Problem to solve: Give back exactly the lines of the material below that start at the line containing "squirtle pikachu and" and end at the line containing "Pipeline surfer killed", and no others.

Data for this task:
──────

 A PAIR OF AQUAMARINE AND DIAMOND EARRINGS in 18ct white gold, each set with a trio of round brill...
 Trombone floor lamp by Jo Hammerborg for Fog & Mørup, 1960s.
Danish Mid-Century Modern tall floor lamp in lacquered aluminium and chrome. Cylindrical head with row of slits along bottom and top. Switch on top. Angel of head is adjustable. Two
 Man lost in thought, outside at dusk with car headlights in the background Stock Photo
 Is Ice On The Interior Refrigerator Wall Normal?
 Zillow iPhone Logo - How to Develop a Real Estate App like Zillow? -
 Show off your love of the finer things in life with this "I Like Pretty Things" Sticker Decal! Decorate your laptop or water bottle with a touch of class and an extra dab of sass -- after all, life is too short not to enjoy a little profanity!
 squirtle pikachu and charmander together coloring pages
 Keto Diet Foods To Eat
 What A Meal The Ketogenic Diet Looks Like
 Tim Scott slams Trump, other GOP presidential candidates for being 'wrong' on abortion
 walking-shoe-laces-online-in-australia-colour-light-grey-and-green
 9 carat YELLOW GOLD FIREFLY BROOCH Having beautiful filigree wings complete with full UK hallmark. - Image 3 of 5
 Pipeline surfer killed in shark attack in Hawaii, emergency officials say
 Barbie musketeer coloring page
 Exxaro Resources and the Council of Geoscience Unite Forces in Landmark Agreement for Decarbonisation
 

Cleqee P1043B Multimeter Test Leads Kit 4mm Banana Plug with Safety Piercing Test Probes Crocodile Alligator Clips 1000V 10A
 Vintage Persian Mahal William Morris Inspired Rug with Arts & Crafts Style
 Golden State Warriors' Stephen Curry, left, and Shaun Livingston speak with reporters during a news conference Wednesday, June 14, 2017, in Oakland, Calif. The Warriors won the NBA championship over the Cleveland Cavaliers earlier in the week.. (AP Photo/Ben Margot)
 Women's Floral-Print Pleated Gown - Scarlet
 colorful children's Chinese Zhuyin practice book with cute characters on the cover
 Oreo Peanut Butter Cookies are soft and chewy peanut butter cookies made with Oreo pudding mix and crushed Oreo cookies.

──────

Exercise response:
 squirtle pikachu and charmander together coloring pages
 Keto Diet Foods To Eat
 What A Meal The Ketogenic Diet Looks Like
 Tim Scott slams Trump, other GOP presidential candidates for being 'wrong' on abortion
 walking-shoe-laces-online-in-australia-colour-light-grey-and-green
 9 carat YELLOW GOLD FIREFLY BROOCH Having beautiful filigree wings complete with full UK hallmark. - Image 3 of 5
 Pipeline surfer killed in shark attack in Hawaii, emergency officials say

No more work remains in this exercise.